Phil Casseus, a 33-year-old producer and high-school sports coach, was walking down West 97th Street on a recent flawless Monday afternoon when he was hit by a sudden, overwhelming wave of nostalgia. Maybe it was caused by that sterile Duane Reade where the endearingly ragamuffin clothing store Fo Wad used to be. Maybe it was the sight of contented toddlers playing at the Happy Warrior playground, formerly known as the Goat, where Mr. Casseus used to watch the Rock Steady Crew break-dancing back when he was growing up in the middle-class housing development Park West Village. This was in the bad old days of New York—the late 1970’s and early 1980’s.
“I think a lot of the people that are moving into the city don’t have a full understanding of what is being paved over or forgotten about,” Mr. Casseus said. “It’s a hard thing to swallow sometimes.”
A lot has changed from a quarter-century ago or so, when our fair city was best known for graffiti-decorated subways, blasting boom boxes and the faint smell of urine rising from the summer pavement. There were no Tinsley Mortimers, no hedge-fund gods. No $1,000 pizzas or latte factories, no $50 million mansions or elliptical trainers at Equinox. Indeed, in 1975, the city’s government declared bankruptcy. “Ford to City: Drop Dead” blasted the Daily News, after the President refused to bail us out, and, two years later, it seemed like a serial murderer named Son of Sam was determined to deliver the sentence.
The rest of the country thought we were goners, collapsed in a sputter of crime, crack and fiscal disaster. There were landlords burning down their buildings—you couldn’t give ‘em away! Hookers hanging out on 83rd and Broadway—right near Zabar’s!
But you know what? We liked it.
The dog shit was piled so high in the streets you needed a mountain ax just to traverse the sidewalk—but we liked it. The buildings were so blackened by grime you could barely see them in the dark—but we liked it. The subways were so dangerous you felt you were descending into Hell—and we liked it, we loved it, hallelujah!

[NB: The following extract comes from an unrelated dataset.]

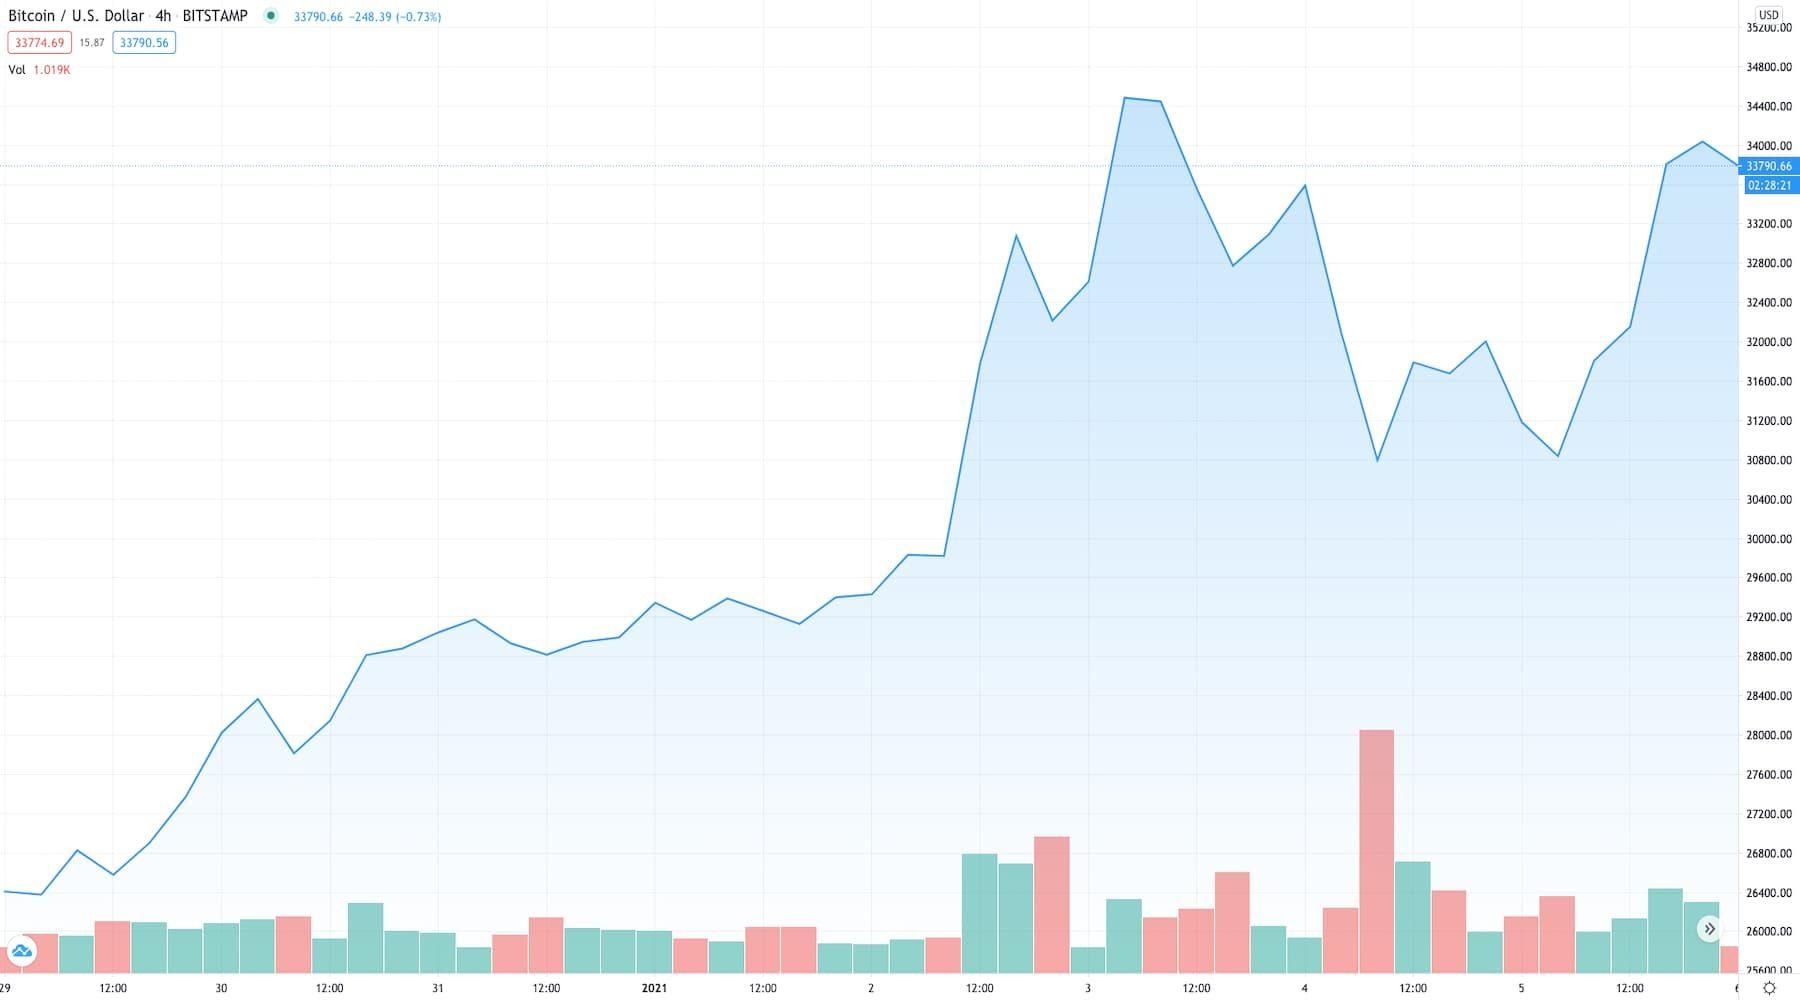 Bitcoin price update: Volatility peaks as price stalls

For a certain generation of New Yorker—a generation that came of age at the city’s economic nadir, but also in the glory days of Bella Abzug, checker cabs and CBGB—this city of yore seems as perversely lovable as some long-lost episode of The Magic Garden.
“It seems kind of weird to say that one would be nostalgic for times when you were scared to get mugged going out at night and riding the subways was taking your life on your hands,” said Dalton Conley, 37, an Alphabet City kid turned New York University sociology professor, who memorialized his childhood in the book Honky. “Yet I think there is something that’s lost.
“The old New York is kind of like an old spouse that you just complained about the whole time,” he said, “but then, when it’s gone, you realize you loved him or her.”